Competing Selves in Madame de Lafayette’s La Princesse de Montpensier and the Nouvelle Historique (Nupur Patel)
This article analyzes the different selves operating in Madame de Lafayette’s La Princesse de Montpensier. Contrary to scholarship, which tends to position the text as a mere precursor of La Princesse de Clèves, it is in La Princesse de Montpensier where one first locates the interior. Lafayette presented a princess coming to terms with her identity, debating with different selves against a backdrop of social, historical, and political ideals. The nouvelle historique was central to the development of selves; it was an important medium through which Lafayette could perceive, explore, and contest a woman’s identity in relation to society. The genre also enabled writers to examine themselves. Lafayette used it to test out her own authorial self and locate her place in the literary sphere.
Apprenticeship and Learning by Doing The Role of Privileged Enclaves in Early Modern French Cities (Jeff Horn)

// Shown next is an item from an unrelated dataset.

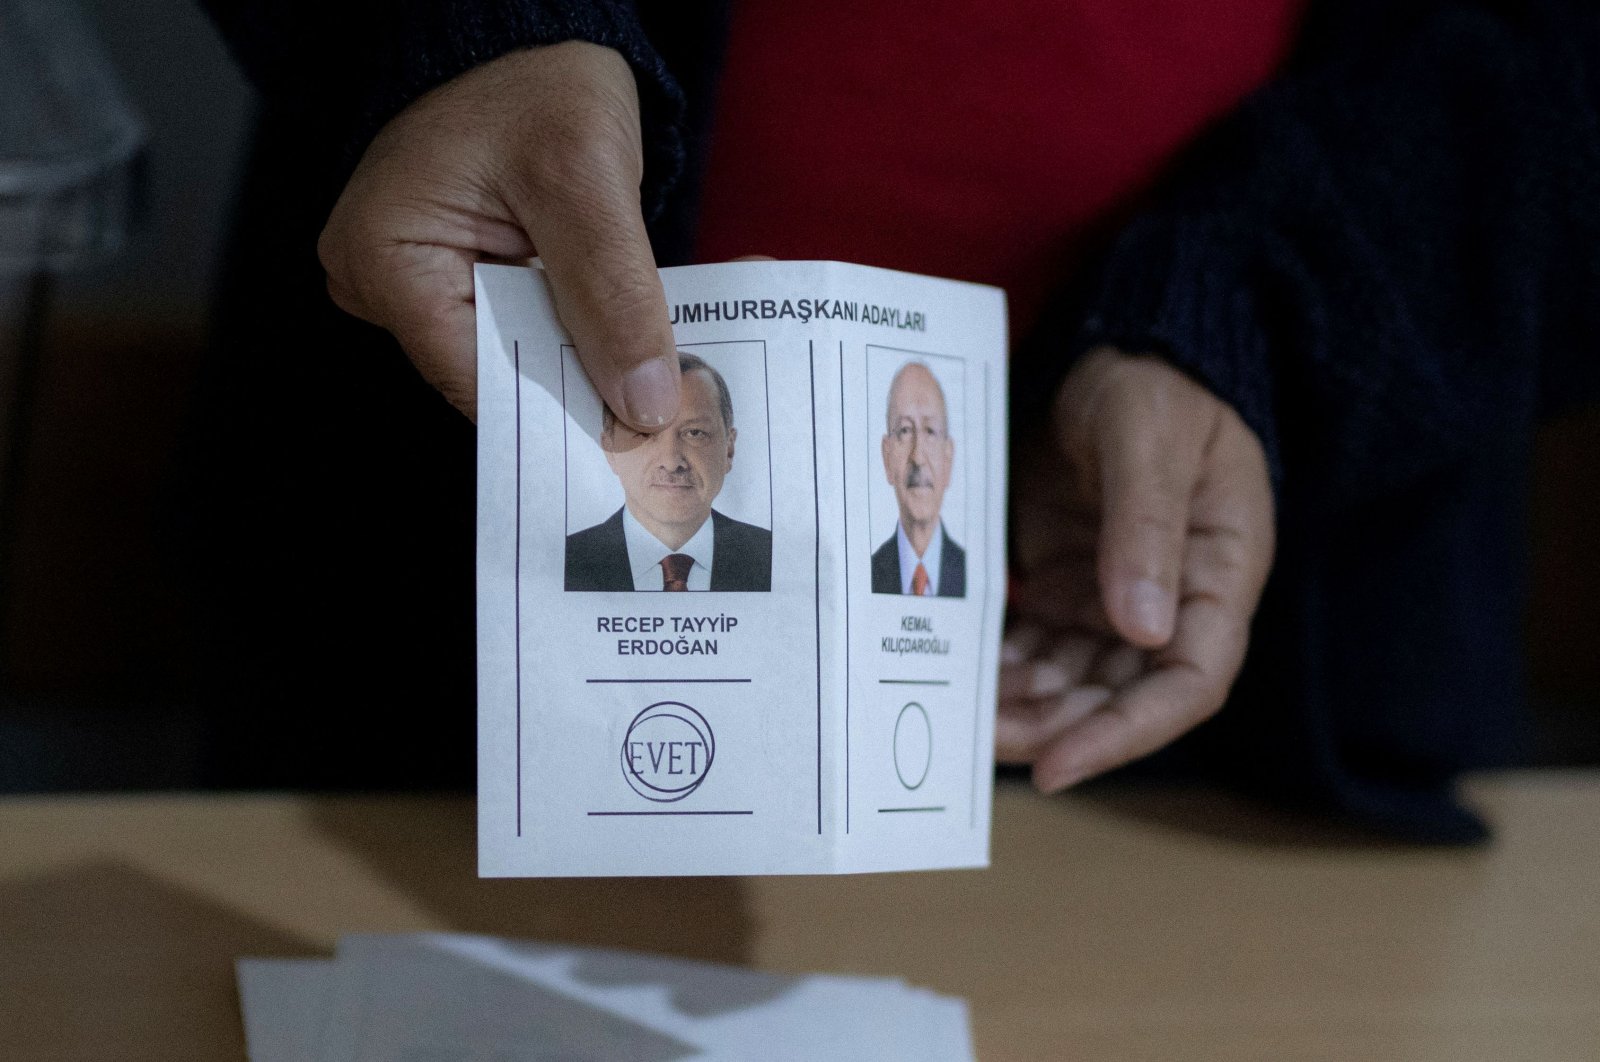 An electoral official shows a ballot during counting on the day of the second round of the presidential election in the earthquake-hit city of Kahramanmaraş, southern Türkiye, May 28, 2023. (AFP Photo)

In France, formal guild training was not as ubiquitous a means of socializing young people into a trade as it has been portrayed by scholars. Guilds were limited geographically, and in many French cities privileged enclaves controlled by clerical or noble seigneurs curbed the sway of corporate structures, or even created their own. Eighteenth-century Bordeaux provides an extreme example of how limited guild training was in France’s fastest-growing city. The clerical reserves of Saint-Seurin and Saint-André that housed much of the region’s industrial production had quasi-corporate structures with far more open access and fewer training requirements. In Bordeaux, journeymen contested masters’ control over labor and masters trained almost no apprentices themselves. Formal apprenticeship mattered exceptionally little when it came to training people to perform a trade in Bordeaux.